Kelvin Kamau, a petrol station attendant in Nairobi, recalls the moment when he realised that he didn’t fit into the social order in his home. He felt that he was not needed in his home. His baby’s mother, a nurse, earned way more than him and called the shots.

“I felt that the gender norms were violated. And looking back, I tried to compensate by demeaning my ex-fiancée by cheating on her. She left, and she doesn’t need me anymore,” he says.

Another man, Alfred Omondi could not afford to have a wife. Dowry price aside, his meager earnings deterred him from settling with his girlfriend, with whom they have a daughter.

“If I can’t take care of myself sufficiently, how will I take care of a woman and a child?” asks Alfred.

According to Dr Eric M. Kioko, an anthropologist and lecturer at Kenyatta University, due to the increasing population and rising cost of living, older generations can no longer guarantee land inheritance to their male offspring.

Instead, young men are left with a responsibility to look for their places to live, where they end up renting tiny houses and struggling for years before they finally save enough to settle permanently.

“When you bring a woman into this equation, it becomes a real challenge.

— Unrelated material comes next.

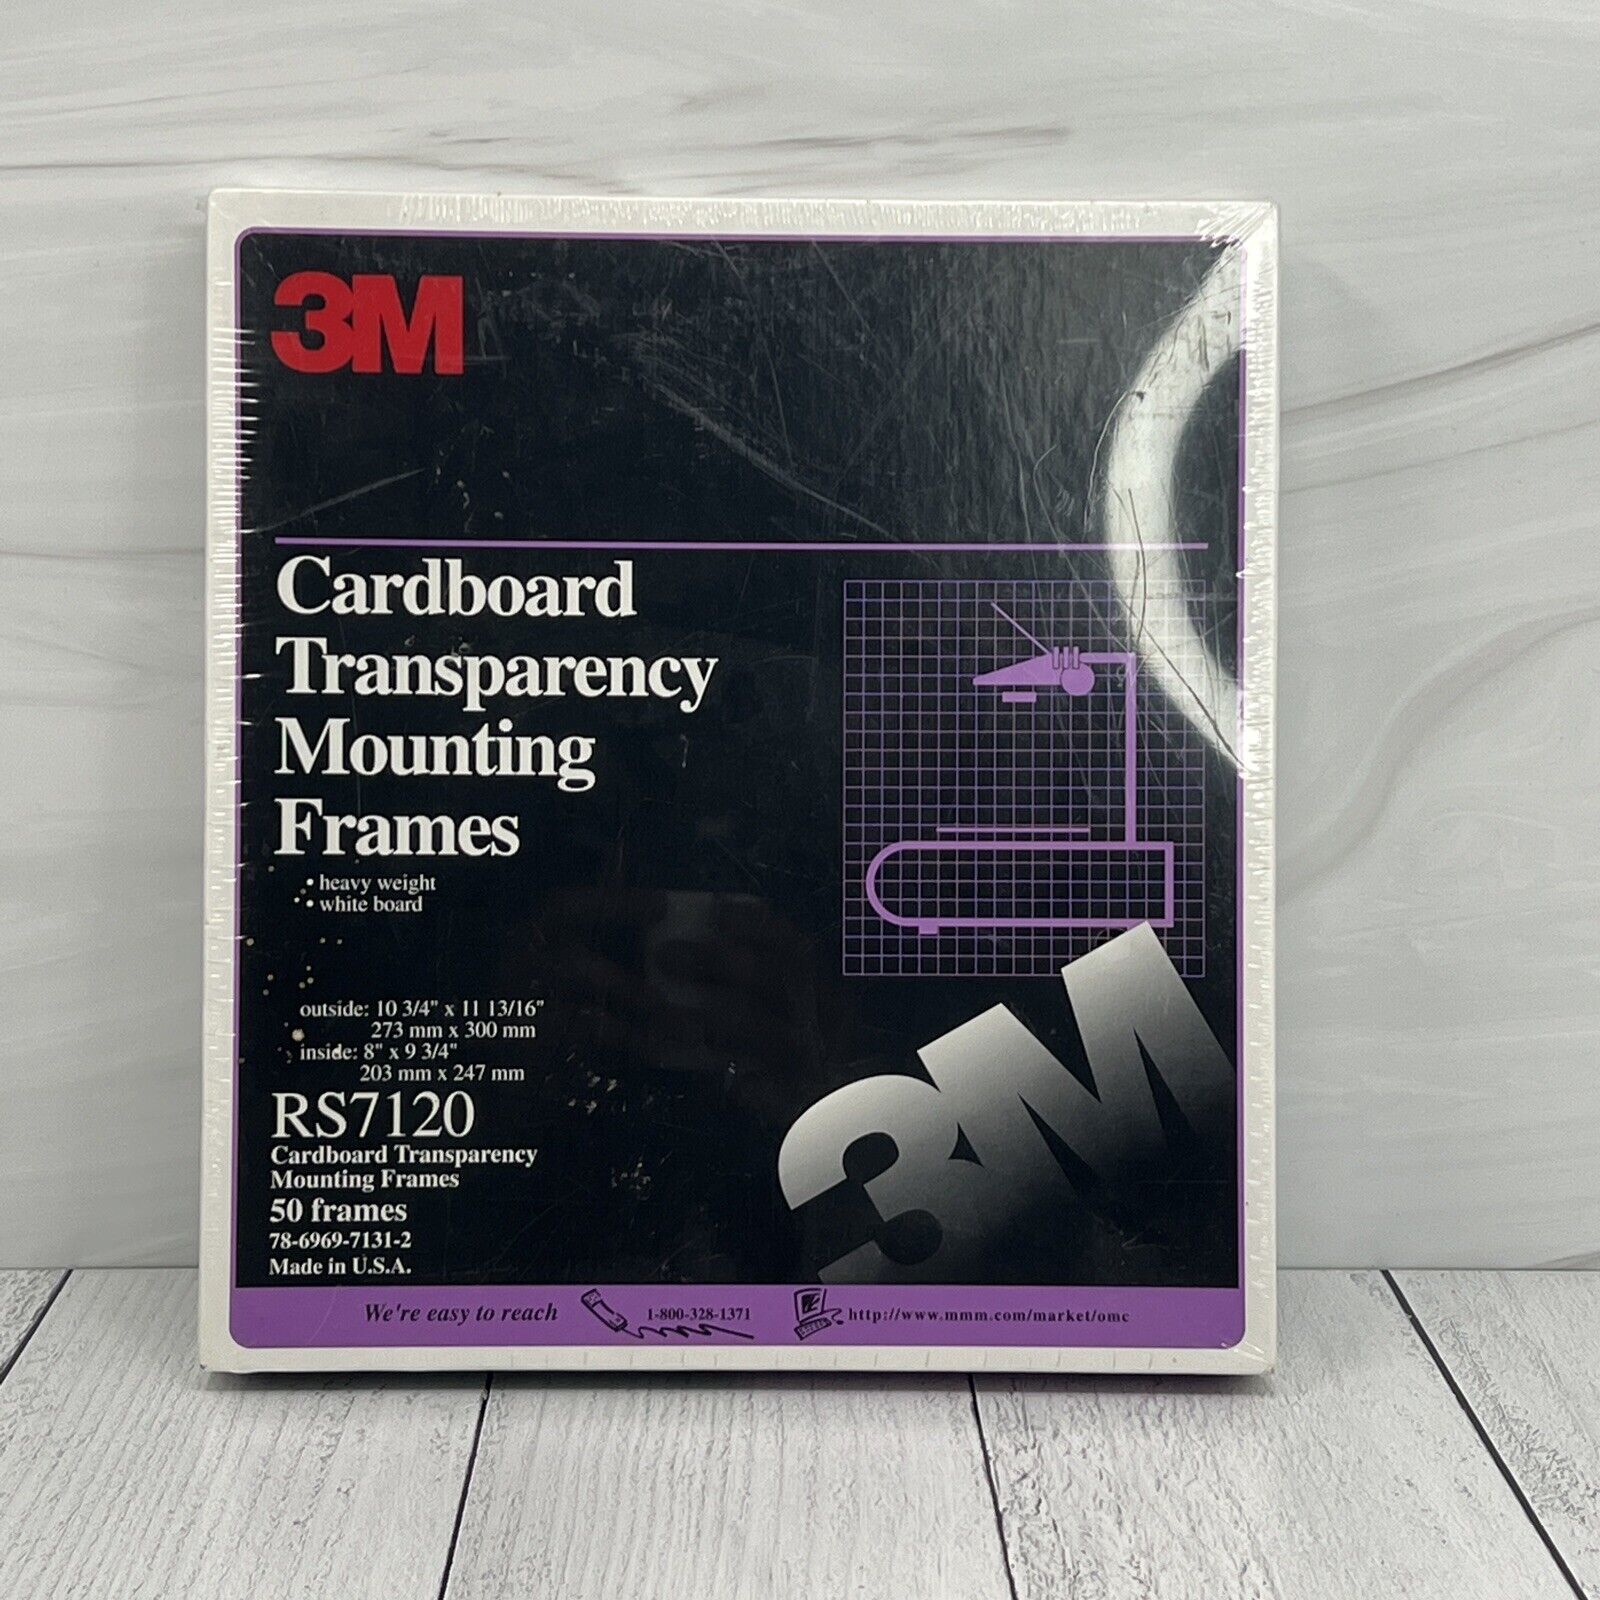 3m Cardboard Transparency Mounting 50 Frames Rs 7120  New Sealed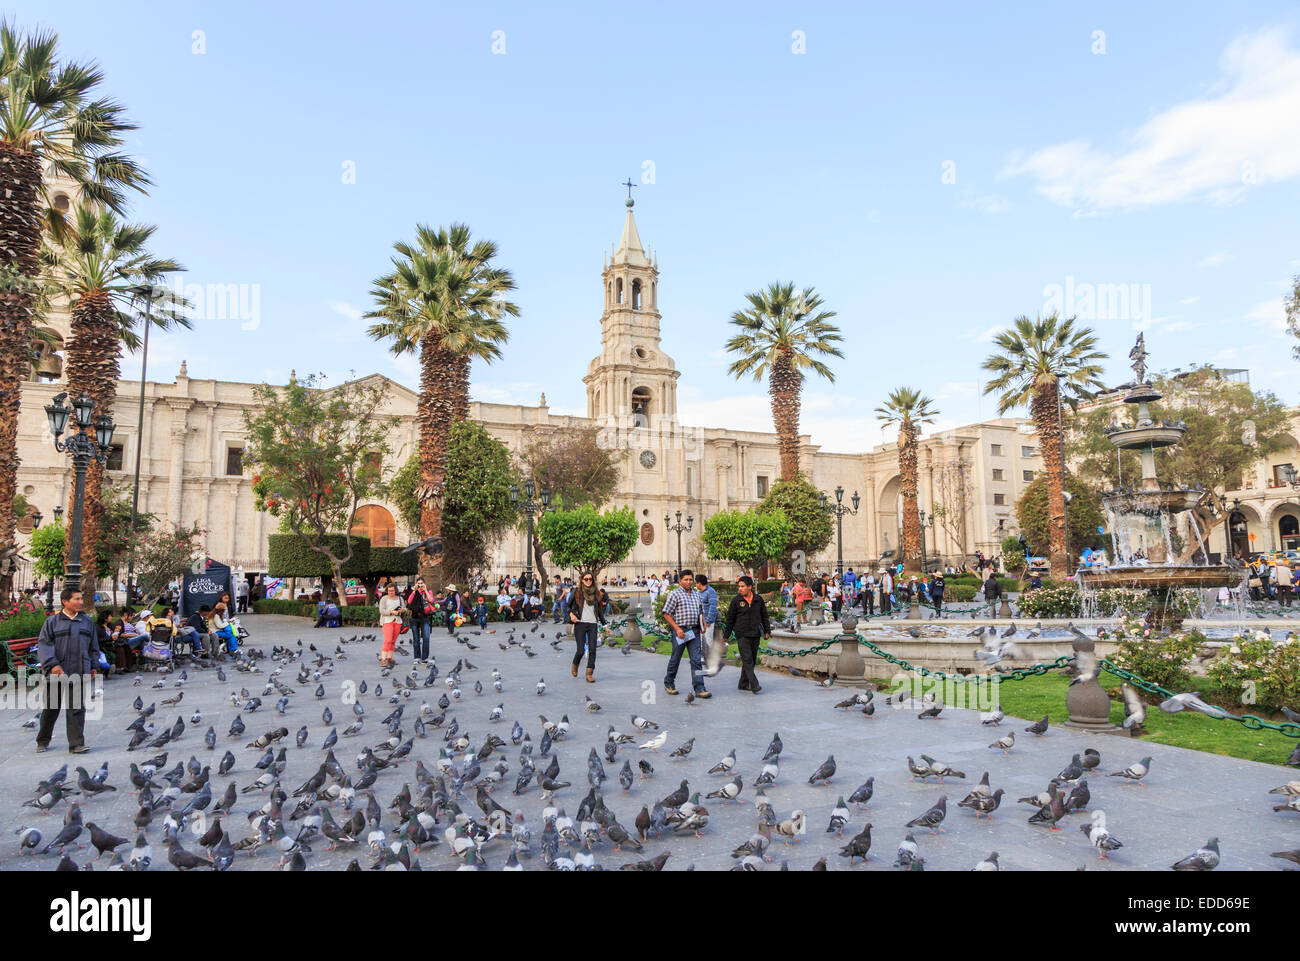 Pigeons in the iconic Plaza de Armas, central Arequipa, Peru with the landmark Basilica Cathedral of Arequipa in the background, on a sunny day Stock Photo

Marriage is expensive, and unless we change how we organize marriage in terms of bride price and weddings, the younger generation may not afford to marry. Instead, they’ll opt for casual sexual partners, further disintegrating the social fabric,” says Dr Kioko.

Numerous studies have documented well-known risks associated with children born of single mothers, including discipline problems and lower school achievement.

“It is important to bring up children in a complete family set-up,” says Dr Kioko. “Society needs to empower the boy child just as much as they are empowering the girl-child. Push for boys to get educated. Stringent rules need to be tightened around drugs and alcohol, a menace that mostly affects the body child’s development.”

He adds: “As a result of empowerment, women can assume roles that were reserved for the men in patriarchal societies. They’re in leadership, they’re able to fend for the family and to make major decisions.”

Men and women are all victims of patriarchy. Dr. Kioko’s department’s recent research uncovered that industrious boys who show poise and dependability are not sent to school in some Kenyan communities. They are instead left to tend to livestock. School is for the feeble who show little promise of living up to be morans.

With women empowerment programmes, more girls in the same communities join school, a contributing factor to the gender disparity in universities, where women enrolment is higher than that of men.

“How then will these uneducated young men, the pillars of these communities, catch up with educated girls while they can barely read and write?” he ponders.